[Footnote 12: Fragments of College and Pastoral Life, pp. 38-40.]
These words contain the true explanation of Cairns’s life. There was in it the “aliquid inconcussum”—the “unshaken somewhat”—which made him independent of other arguments, and which kept him untouched by all the intellectual attacks on Christianity. Other people who had not this inward testimony, or who, having it, could not regard it as unshaken by the assaults of infidelity, he could argue with and seek to meet them on their own intellectual ground; but for himself, any victories gained here were superfluous, any defects left him unmoved. Was it always so with him? Or was there ever a time when he was carried off his feet and had to struggle for dear life for his Christian faith amid the dark waters of doubt?

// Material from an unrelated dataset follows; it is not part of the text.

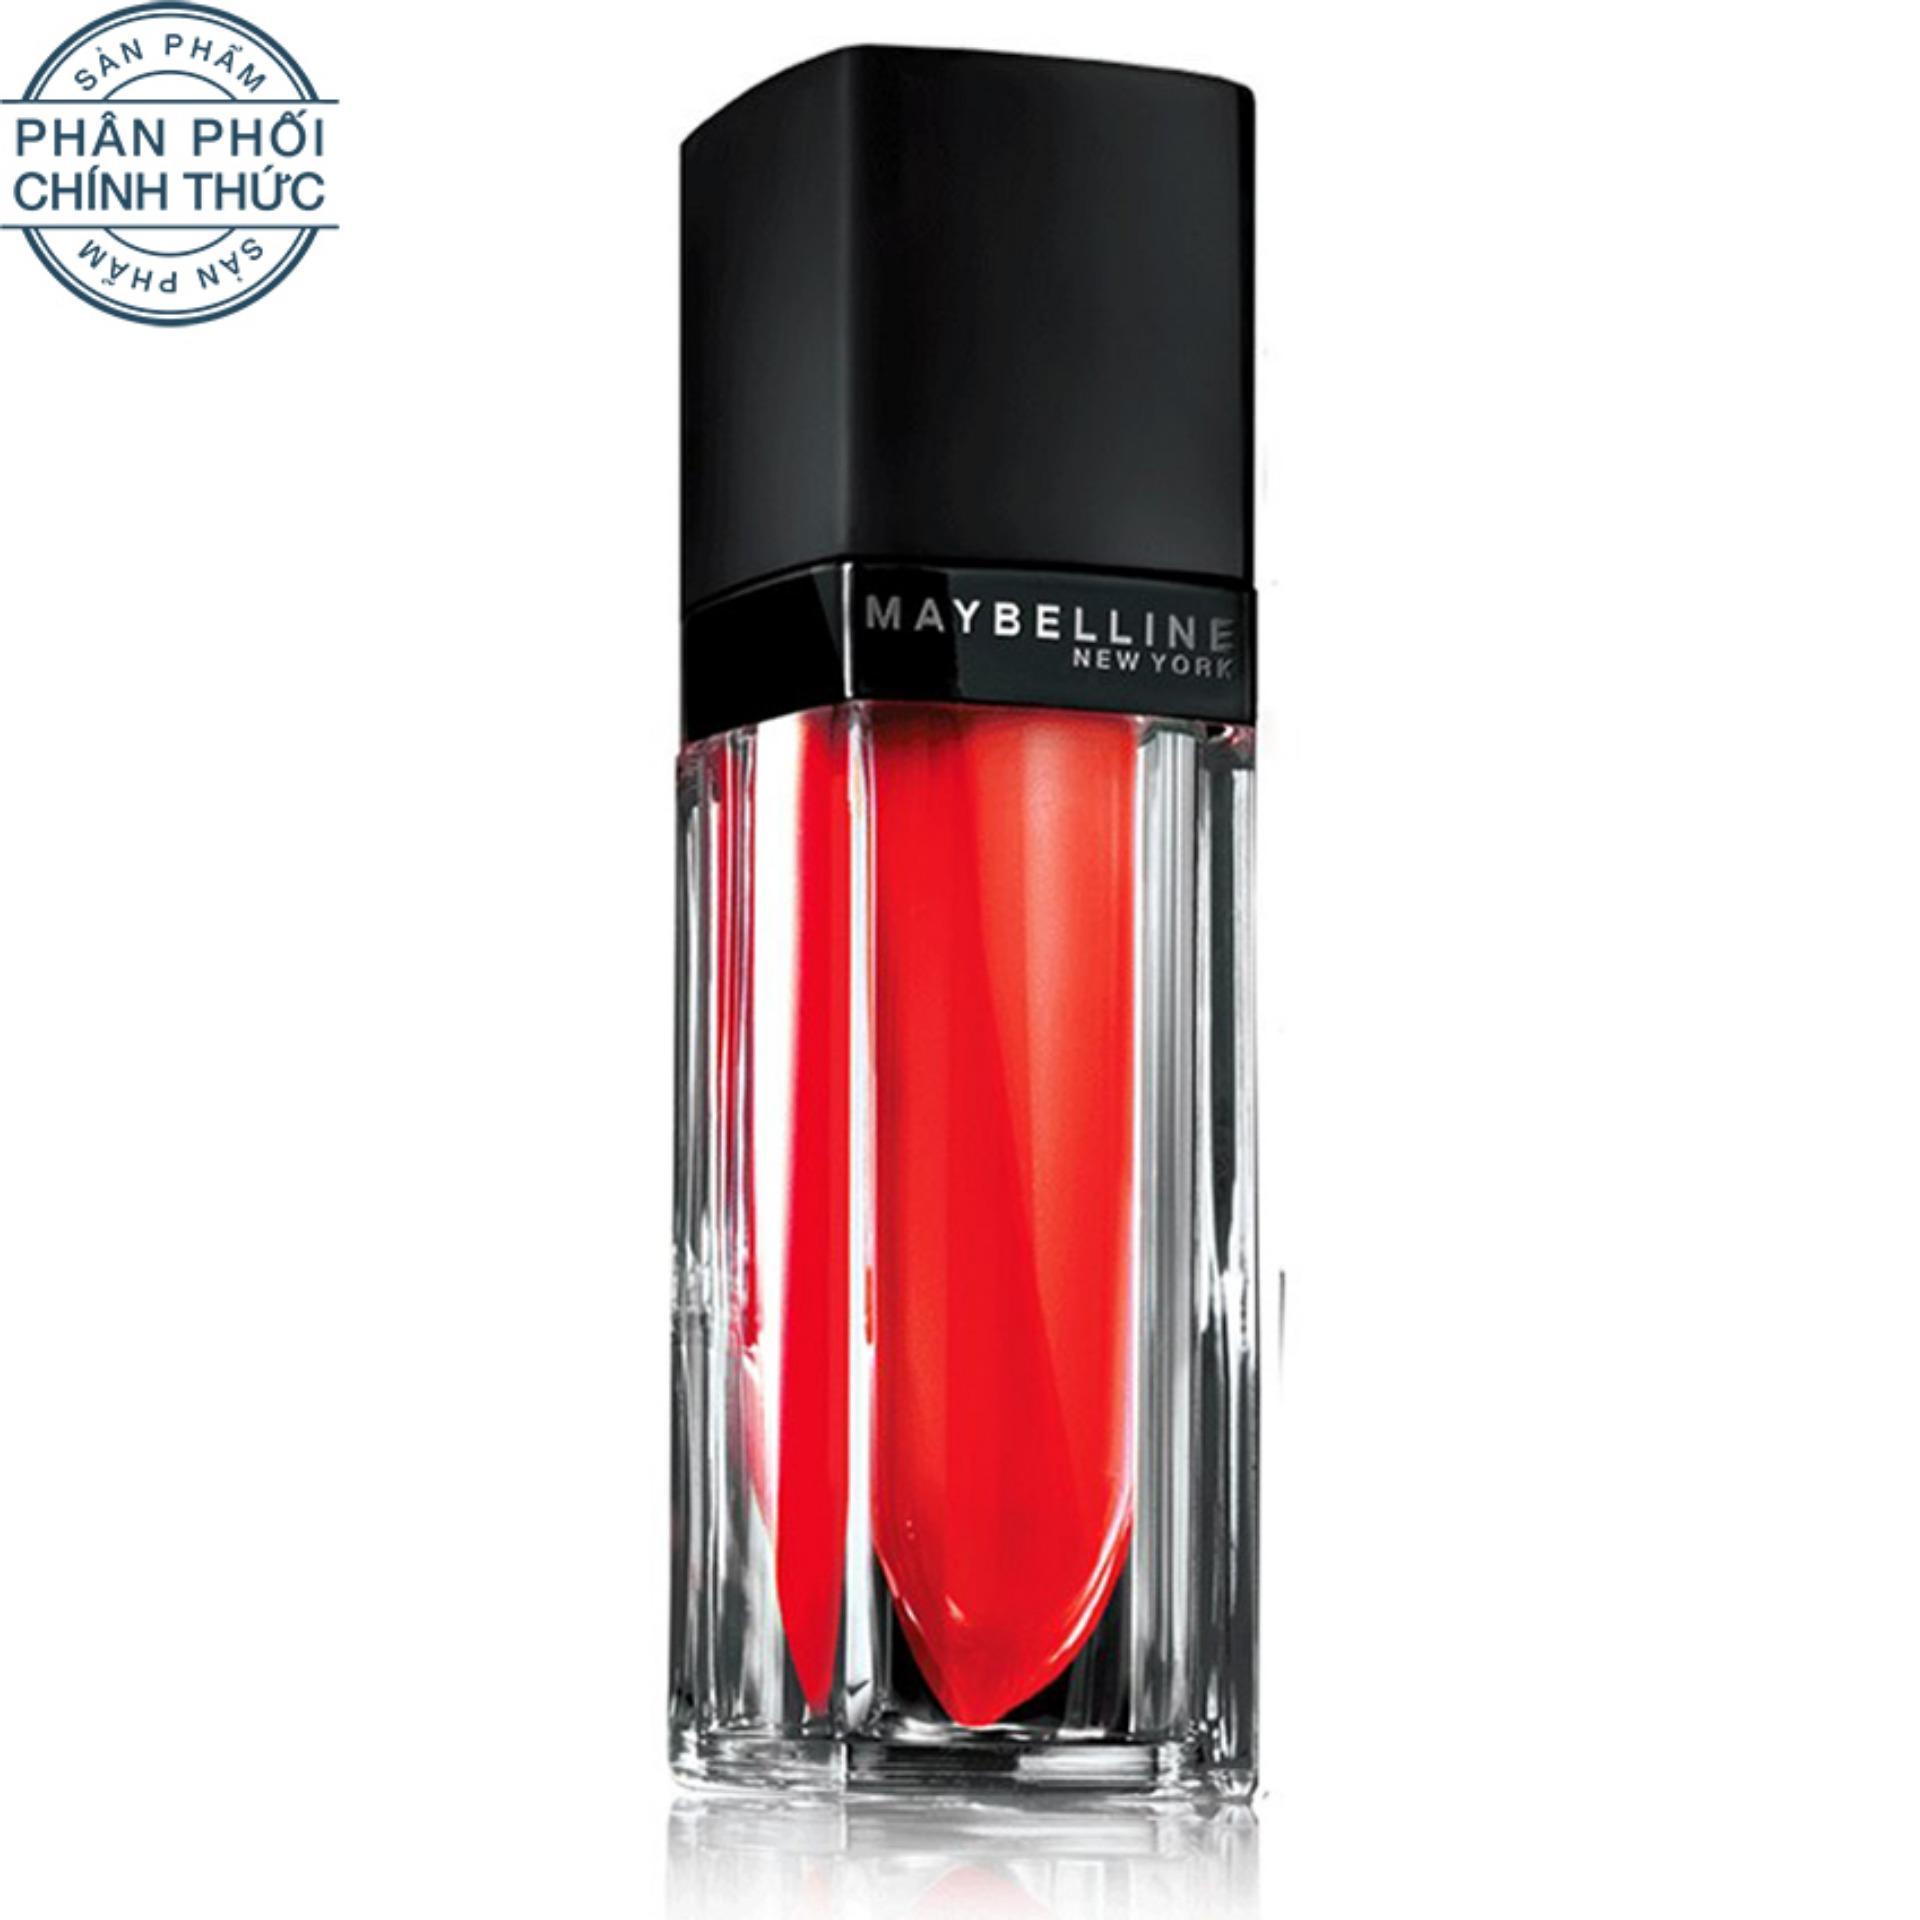 Mã Khuyến Mại Son Kem Li Maybelline Color Vivid Matte Liquid Mat8 5Ml Đỏ Rực

There are indications that on at least one occasion he subjected his beliefs to a careful scrutiny, and, referring to this later, he spoke of himself as one who, in the words of the Roman poet, had been “much tossed about on land and on the deep ere he could build a city.” This, coming from one who was habitually reticent about his religious experiences, may be held as proving that there was no want of rigour in the process, no withholding of any part of the structure from the strain. But that that structure ever gave way, that it ever came tumbling down in ruins about him so that it had to be built again on new foundations, there is no evidence to show. The “aliquid inconcussum” appears to have remained with him all through the experience. This seems clear from a passage in a letter written in 1848 to his brother David, then a student in Sir William Hamilton’s class, in which he says; “I never found my religious susceptibilities injured by metaphysical speculations. Whether this was a singular felicity I do not know, but I have heard others complain."[13]